## [Problem details]
The task for the listing below is to write out exactly the lines starting at the one containing "Ford's new 2021" and ending at the one containing "Bring your favorite", both included. Pictures are to be omitted.

---- The data

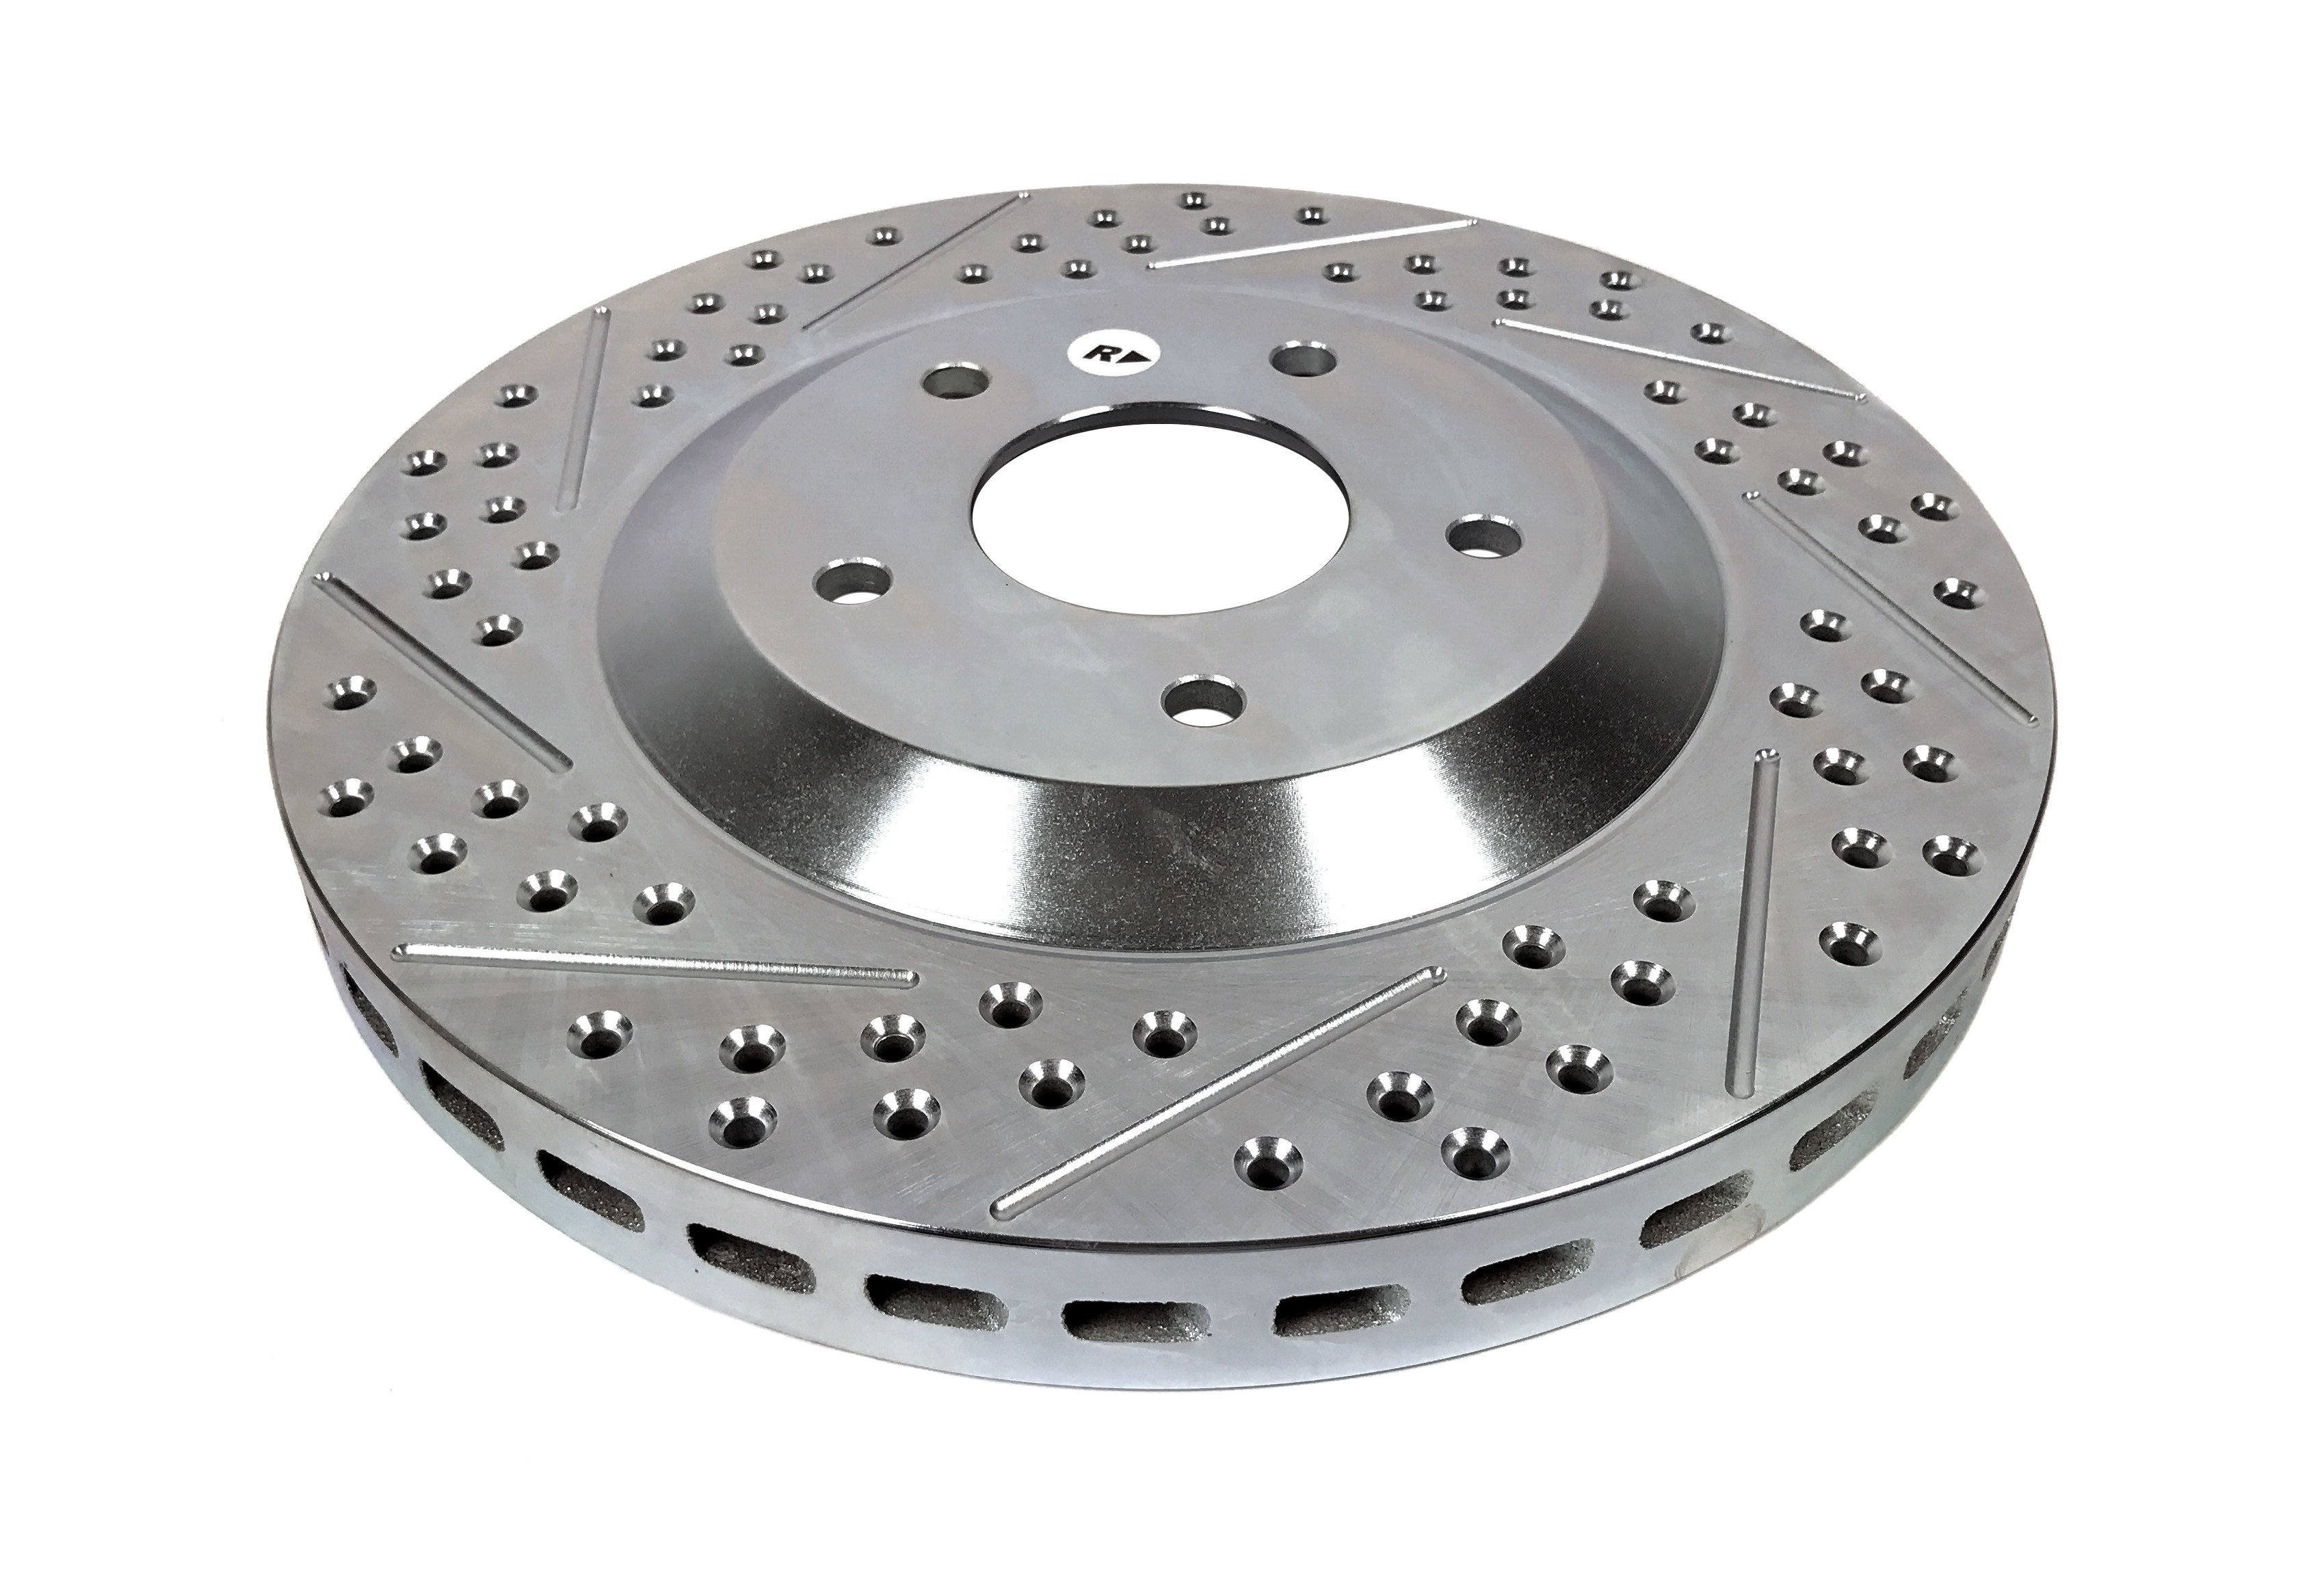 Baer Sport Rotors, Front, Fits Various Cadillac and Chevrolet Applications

--------
---- The data

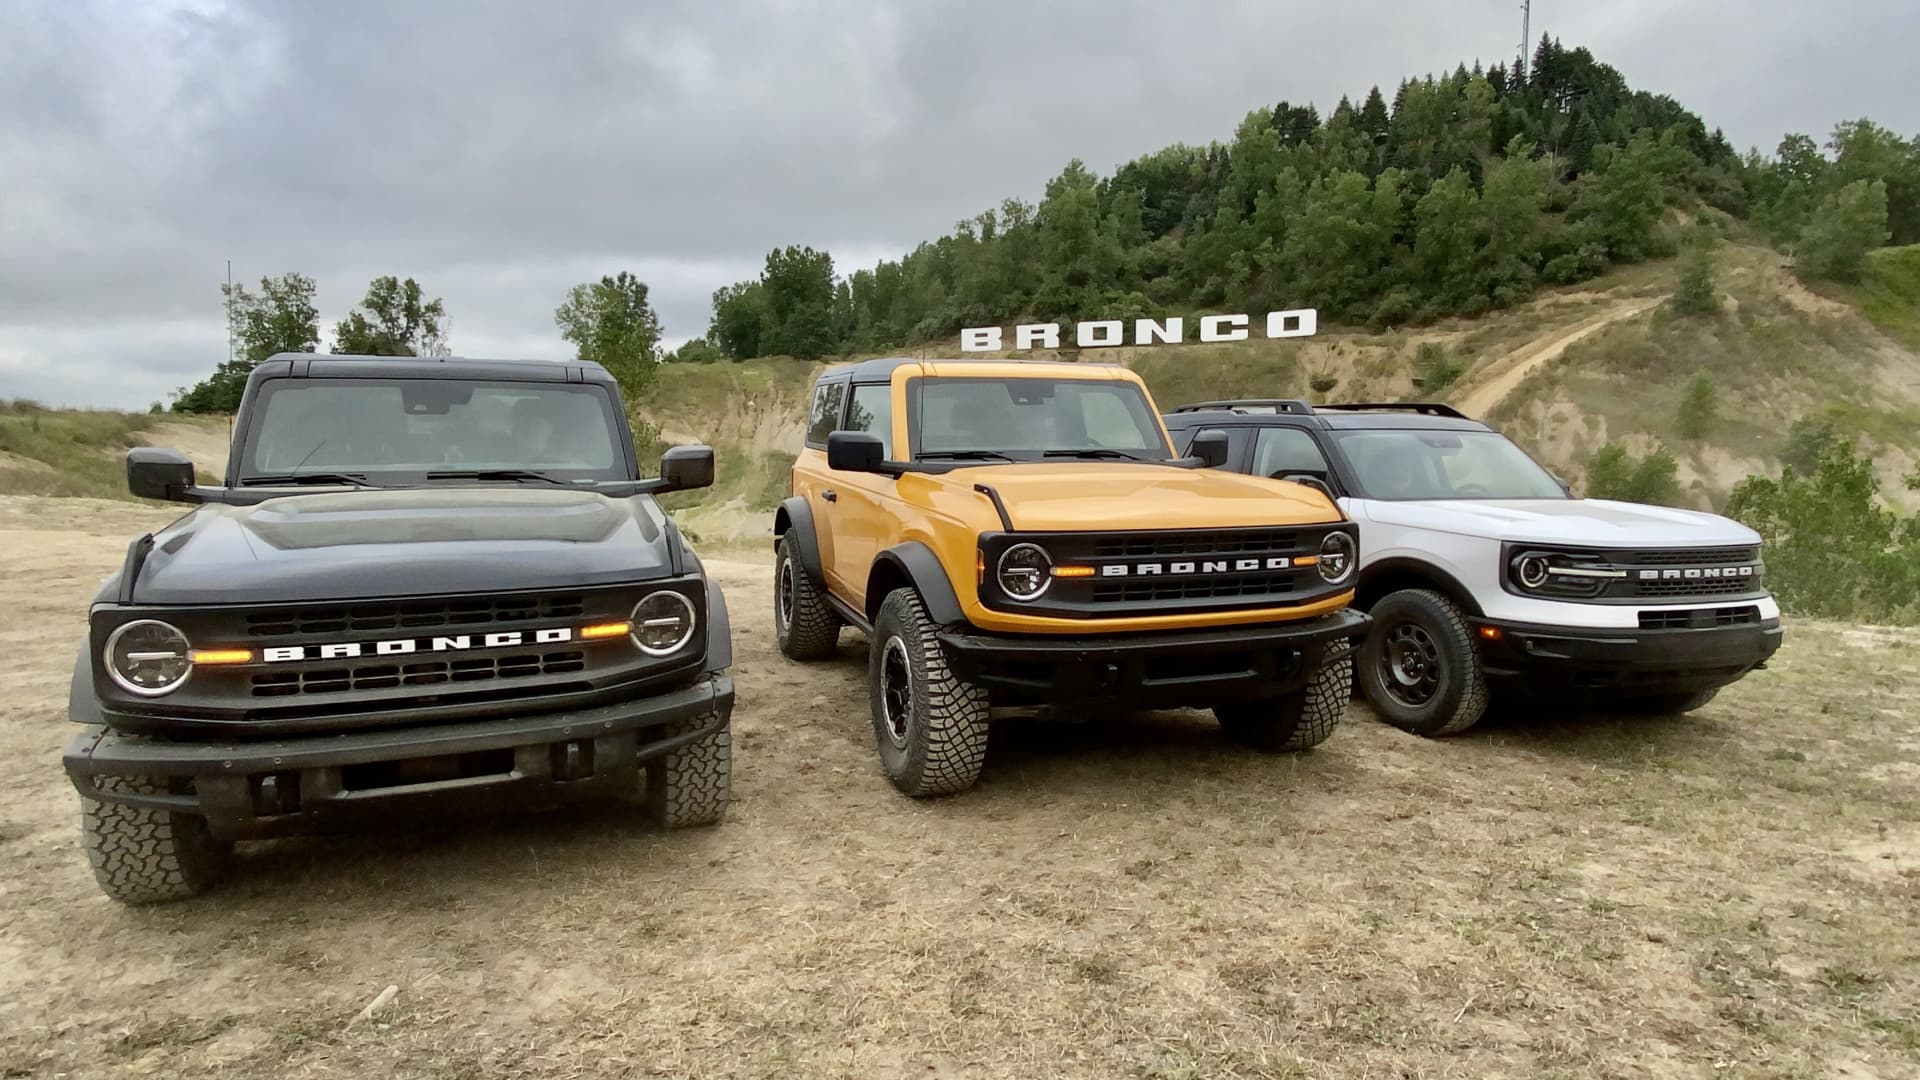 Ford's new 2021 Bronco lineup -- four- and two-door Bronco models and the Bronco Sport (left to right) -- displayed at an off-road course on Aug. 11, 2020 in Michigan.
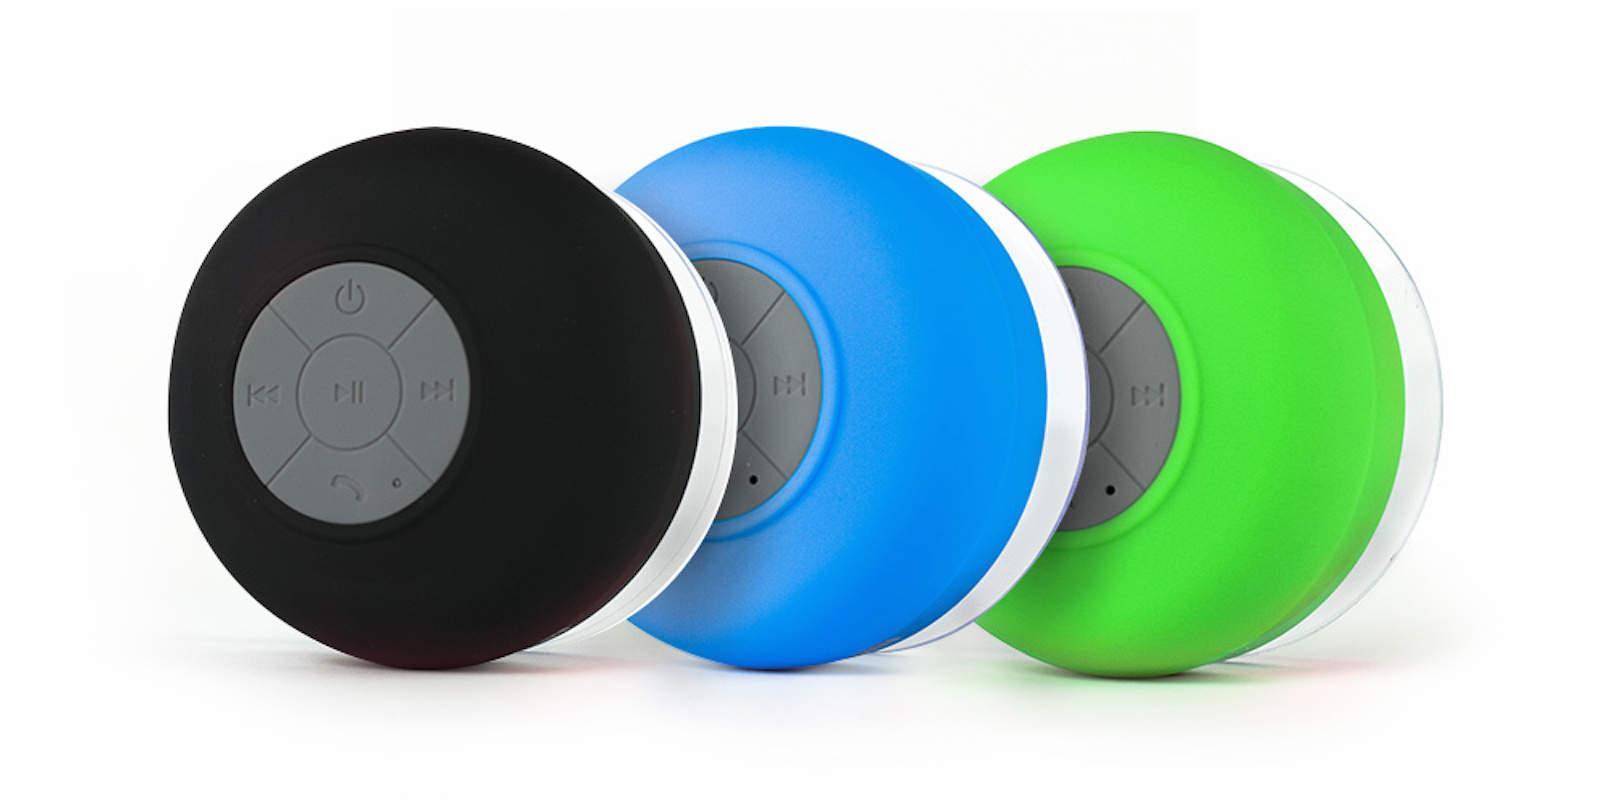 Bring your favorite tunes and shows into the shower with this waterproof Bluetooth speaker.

--------
---- The data

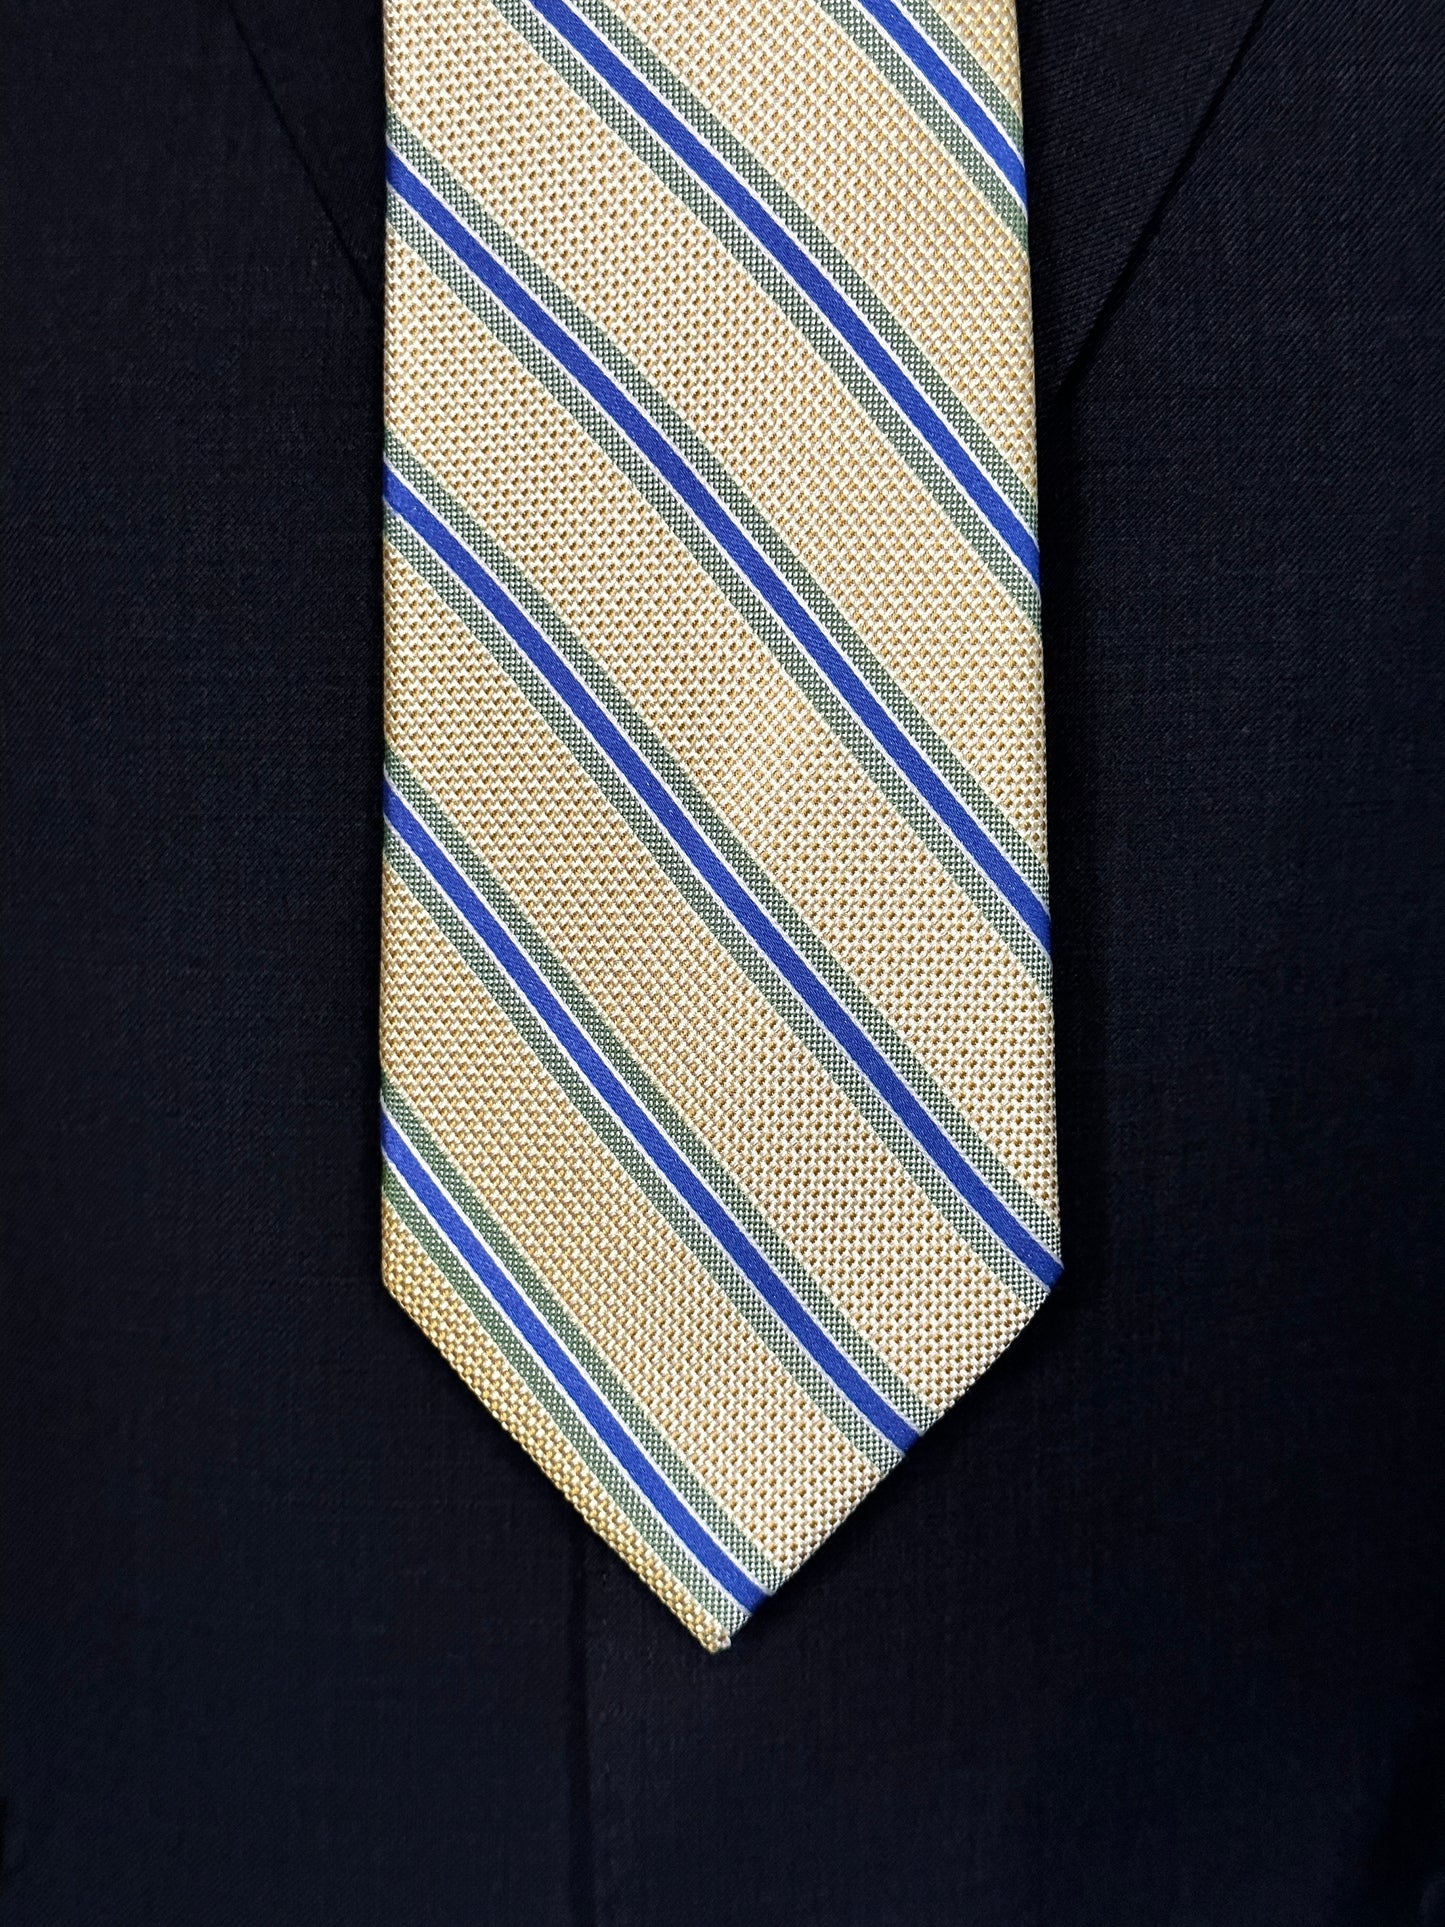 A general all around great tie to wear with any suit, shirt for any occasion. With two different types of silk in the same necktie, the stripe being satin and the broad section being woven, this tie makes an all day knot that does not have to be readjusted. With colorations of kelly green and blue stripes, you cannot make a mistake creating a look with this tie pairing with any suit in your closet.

--------

## [Answer below]
 Ford's new 2021 Bronco lineup -- four- and two-door Bronco models and the Bronco Sport (left to right) -- displayed at an off-road course on Aug. 11, 2020 in Michigan.
 Bring your favorite tunes and shows into the shower with this waterproof Bluetooth speaker.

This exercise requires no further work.